Nothing but a verbatim copy of the data, minus the images, should be returned.

[SUPPLIED MATERIAL]

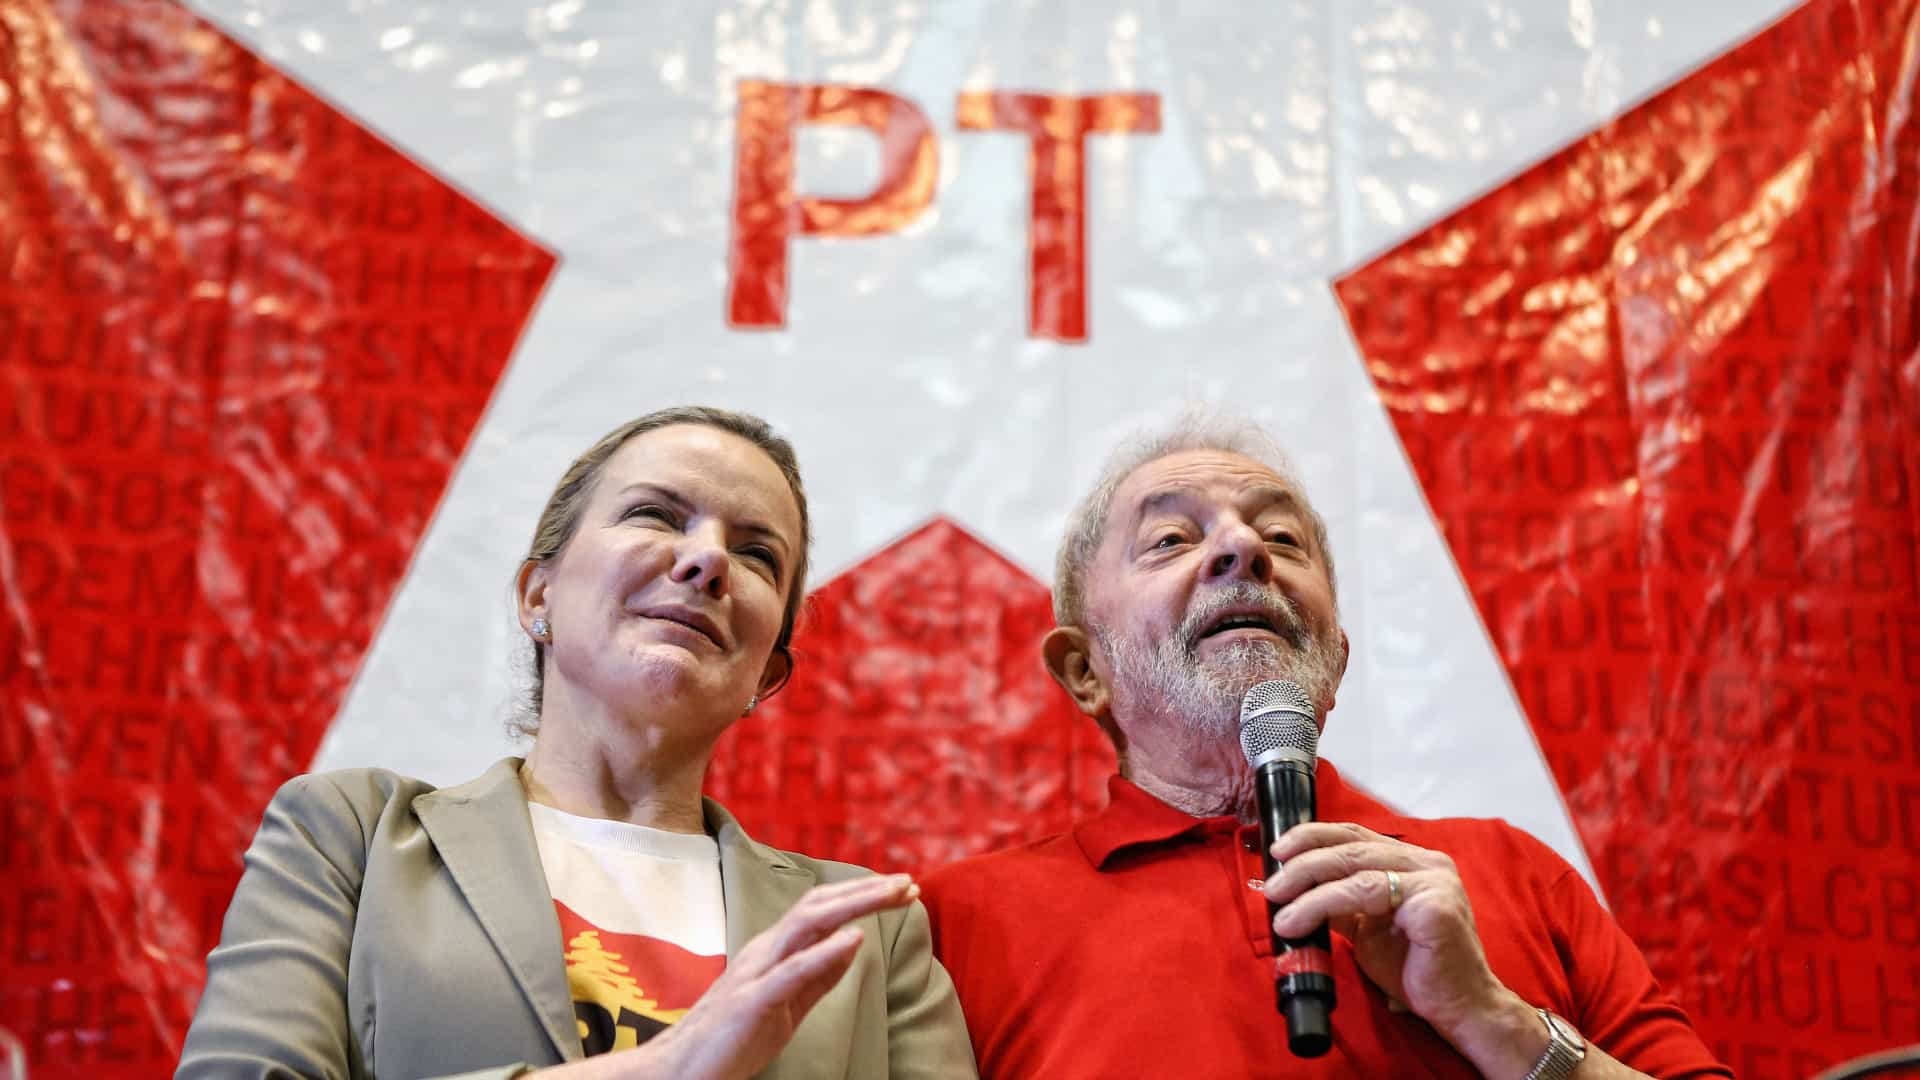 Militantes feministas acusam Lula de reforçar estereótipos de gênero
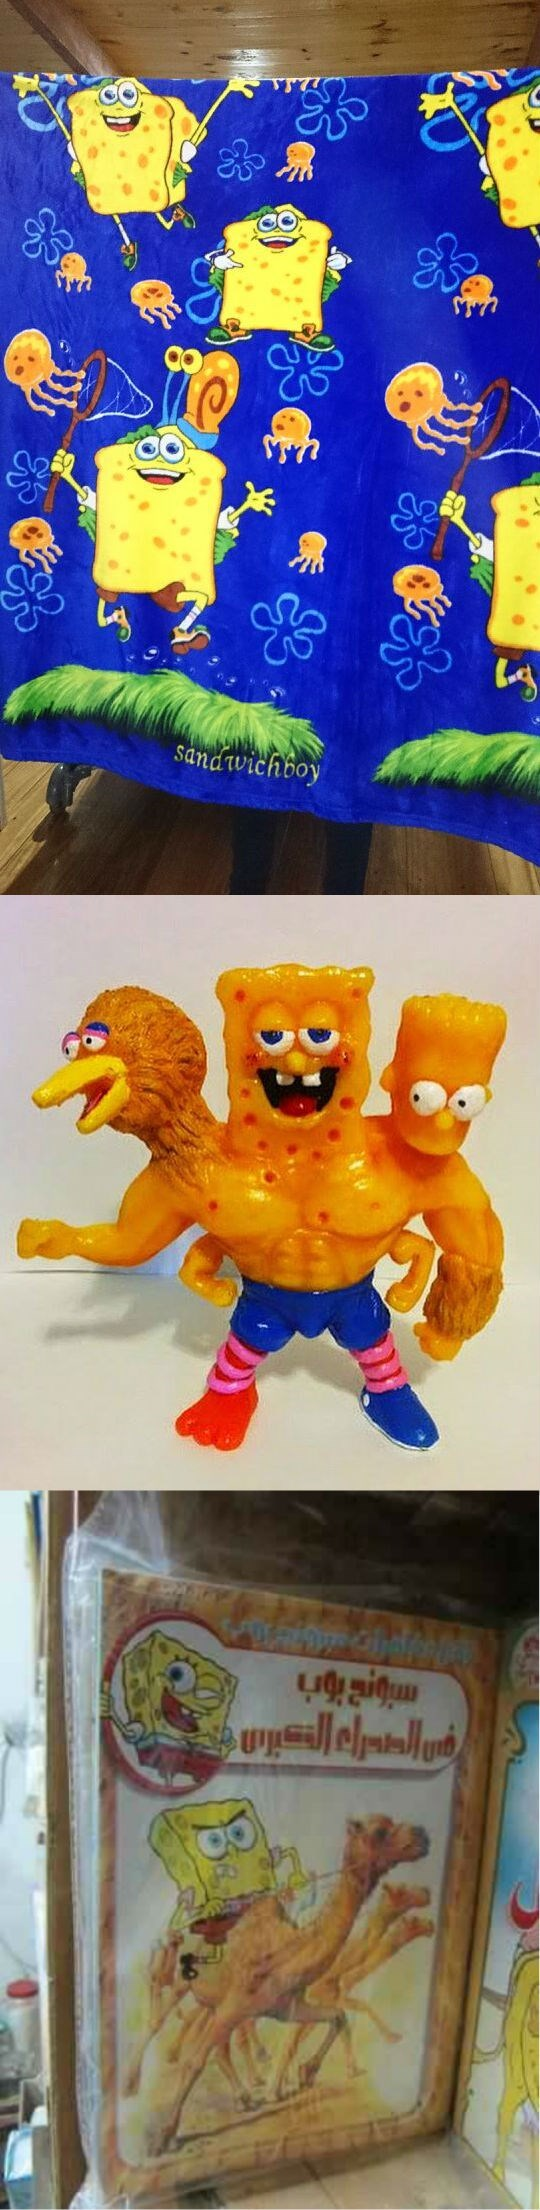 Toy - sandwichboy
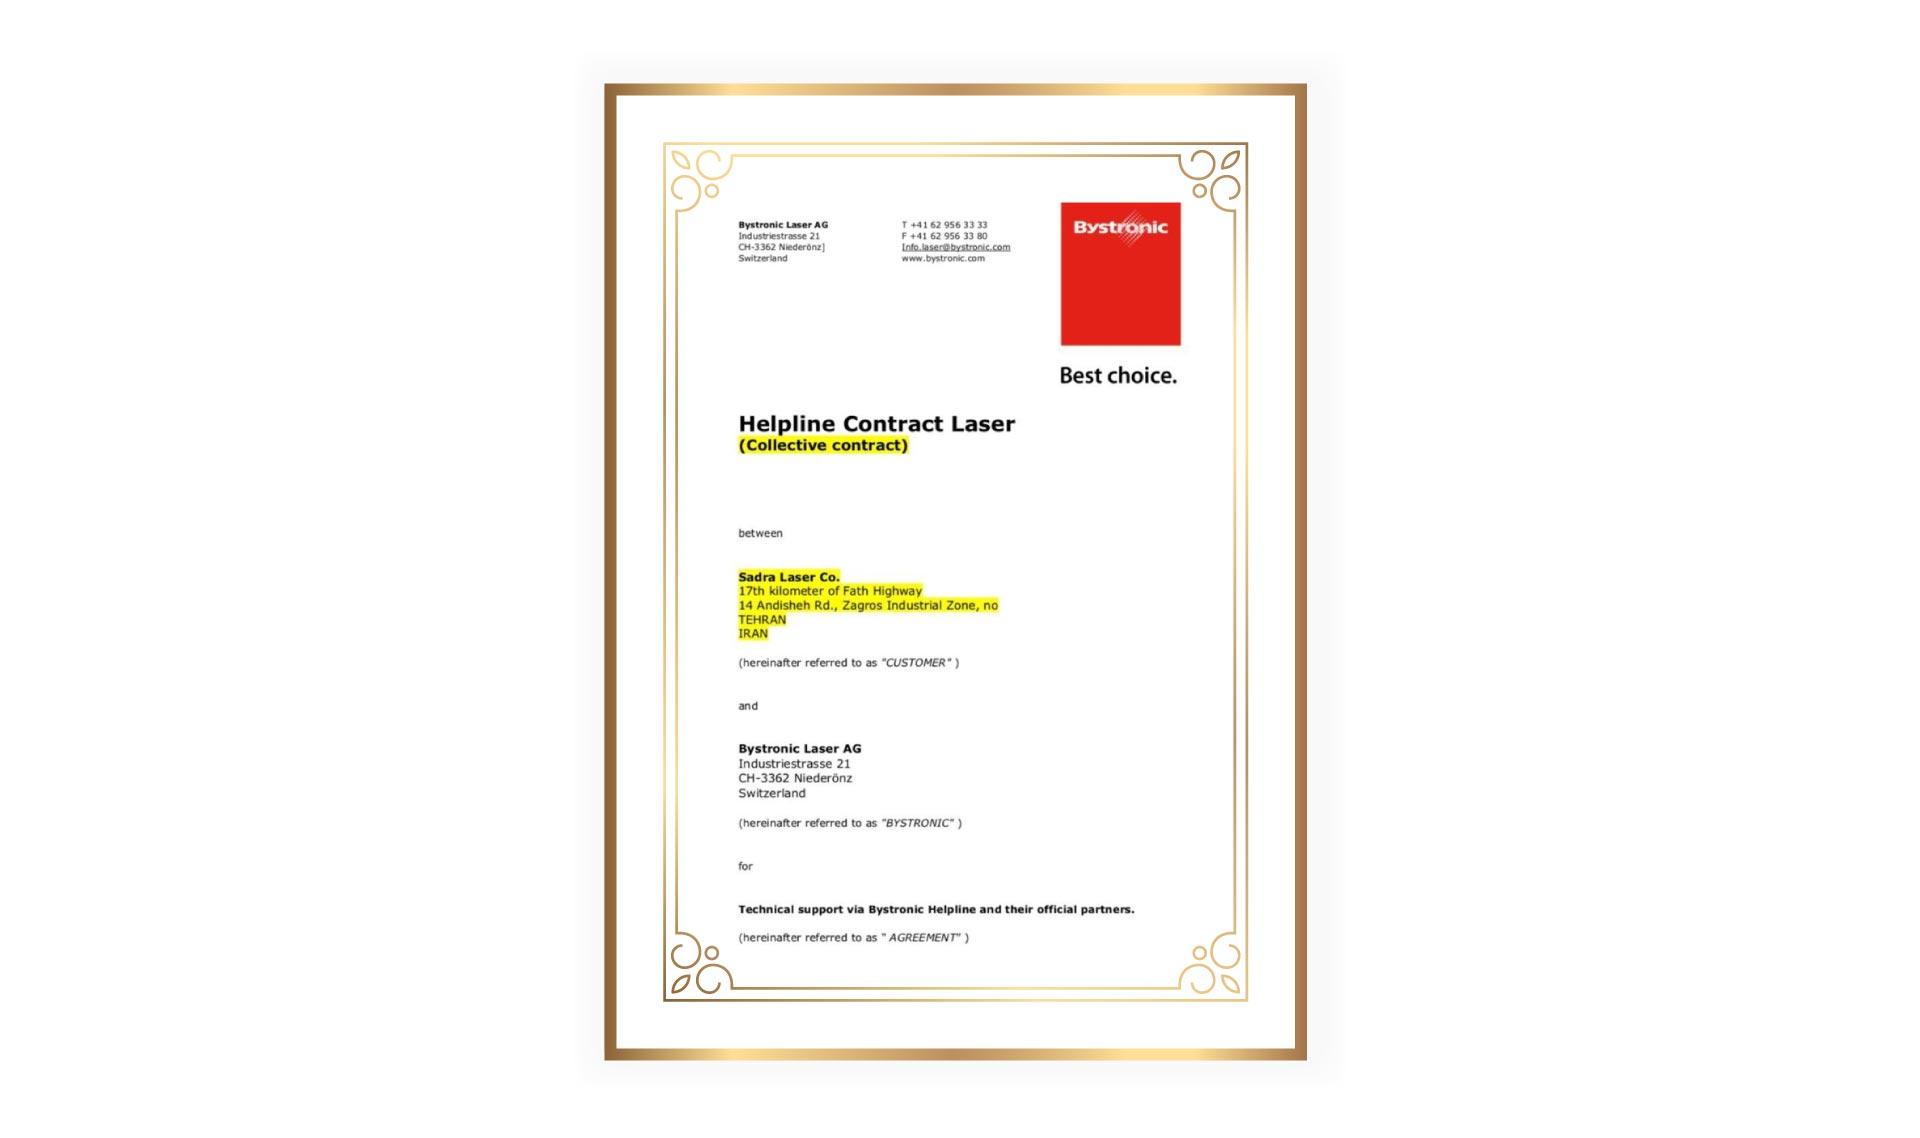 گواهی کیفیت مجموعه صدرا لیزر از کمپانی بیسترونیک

[/SUPPLIED MATERIAL]

> **WRITTEN ANSWER**:
 Militantes feministas acusam Lula de reforçar estereótipos de gênero
 Toy - sandwichboy
 گواهی کیفیت مجموعه صدرا لیزر از کمپانی بیسترونیک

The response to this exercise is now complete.